# ASSIGNMENT
Reproduce exactly the lines from the one containing "Rumänien: 1 Leu" through the end of the listing, minus the pictures.

# DATA SECTION
--- START ---

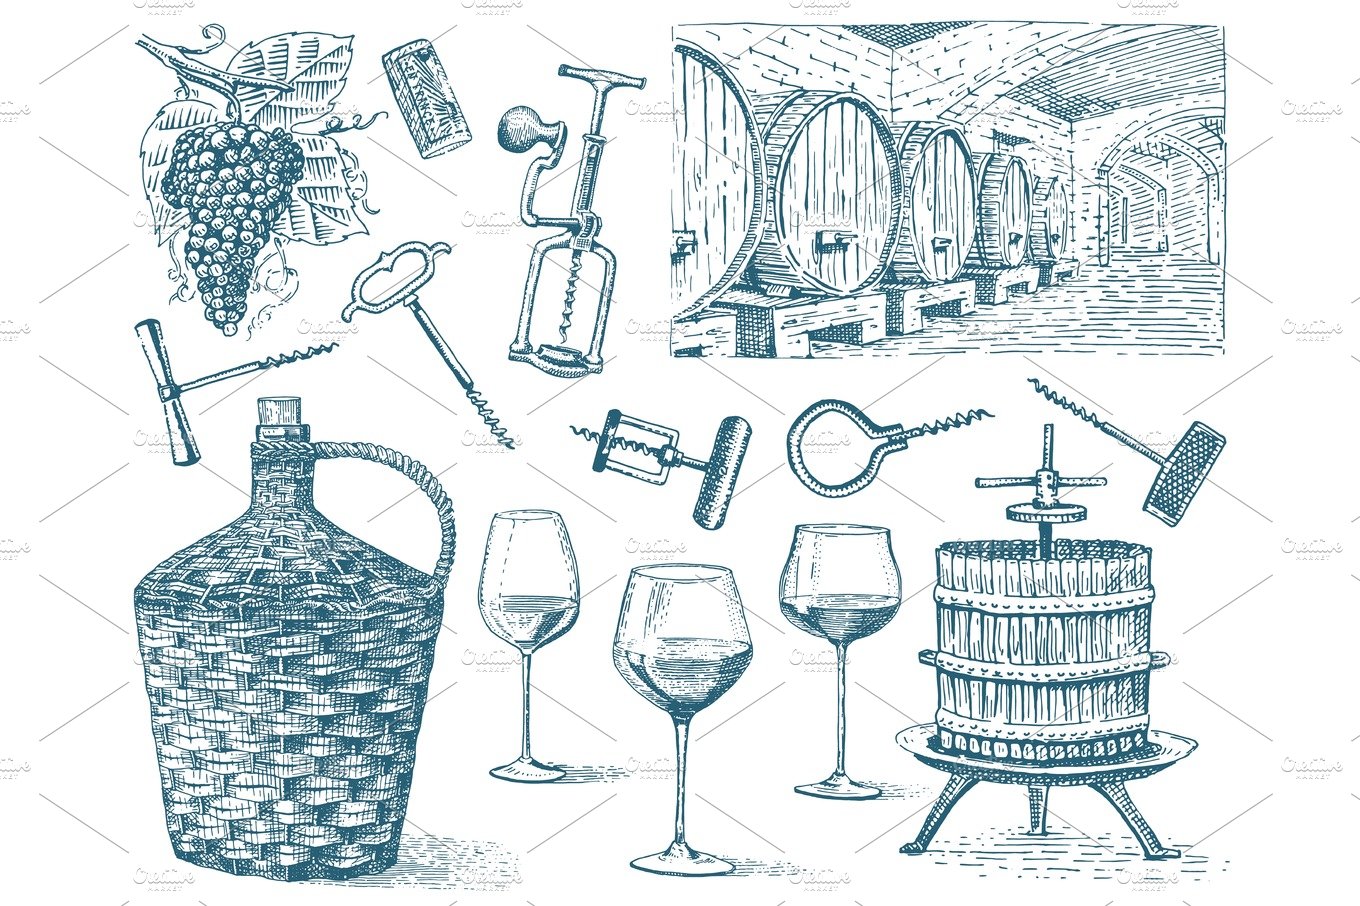 wine harvest products, press, grapes, vineyards corkscrews glasses bottles ... cover image.
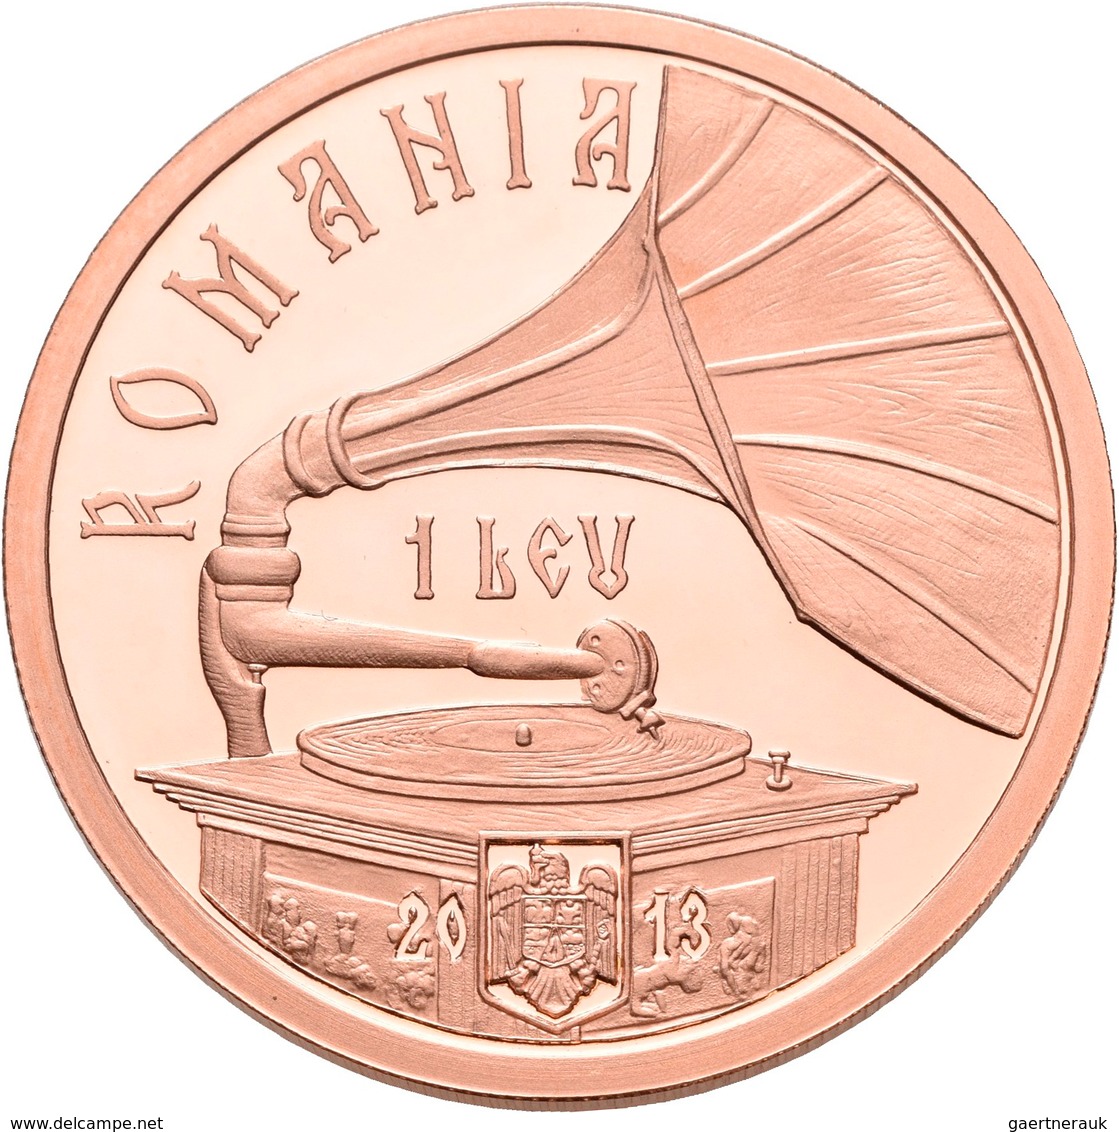 Rumänien: 1 Leu 2013, 100. Geburtstag Maria Tanase. KM# N.b. Verkupferte Tombac. Auflage Nur 250 Stü - Roumanie
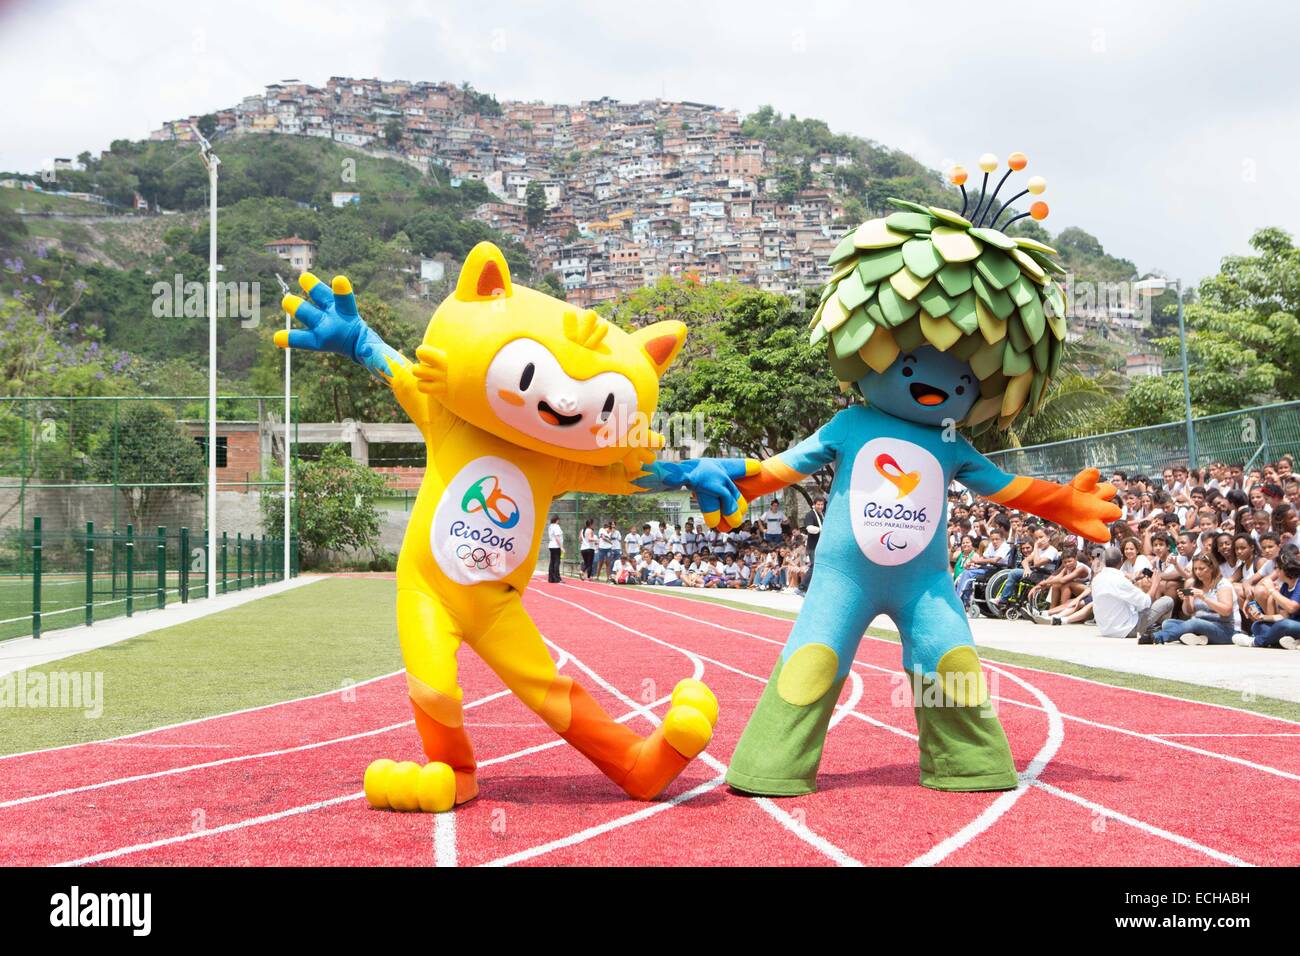 Rio de Janeiro. 14 Décembre, 2014. Une photo prise le 24 novembre 2014 montre la mascotte des Jeux Olympiques de Rio 2016 Vinicius (L) et la mascotte des Jeux Paralympiques de 2016 Tom à Rio de Janeiro, au Brésil. Annoncé le 14 décembre 2014, la mascotte pour les Jeux Olympiques de 2016 à Rio de Janeiro a été nommé Vinicius, et la mascotte des Jeux paralympiques vont par le nom de Tom. Les noms honneur musiciens brésiliens et partenaires Vinicius de Moraes et Tom Jobim. © Xu Zijian/Xinhua/Alamy Live News Banque D'Images

--- END ---

# YOUR SOLUTION
 Rumänien: 1 Leu 2013, 100. Geburtstag Maria Tanase. KM# N.b. Verkupferte Tombac. Auflage Nur 250 Stü - Roumanie
 Rio de Janeiro. 14 Décembre, 2014. Une photo prise le 24 novembre 2014 montre la mascotte des Jeux Olympiques de Rio 2016 Vinicius (L) et la mascotte des Jeux Paralympiques de 2016 Tom à Rio de Janeiro, au Brésil. Annoncé le 14 décembre 2014, la mascotte pour les Jeux Olympiques de 2016 à Rio de Janeiro a été nommé Vinicius, et la mascotte des Jeux paralympiques vont par le nom de Tom. Les noms honneur musiciens brésiliens et partenaires Vinicius de Moraes et Tom Jobim. © Xu Zijian/Xinhua/Alamy Live News Banque D'Images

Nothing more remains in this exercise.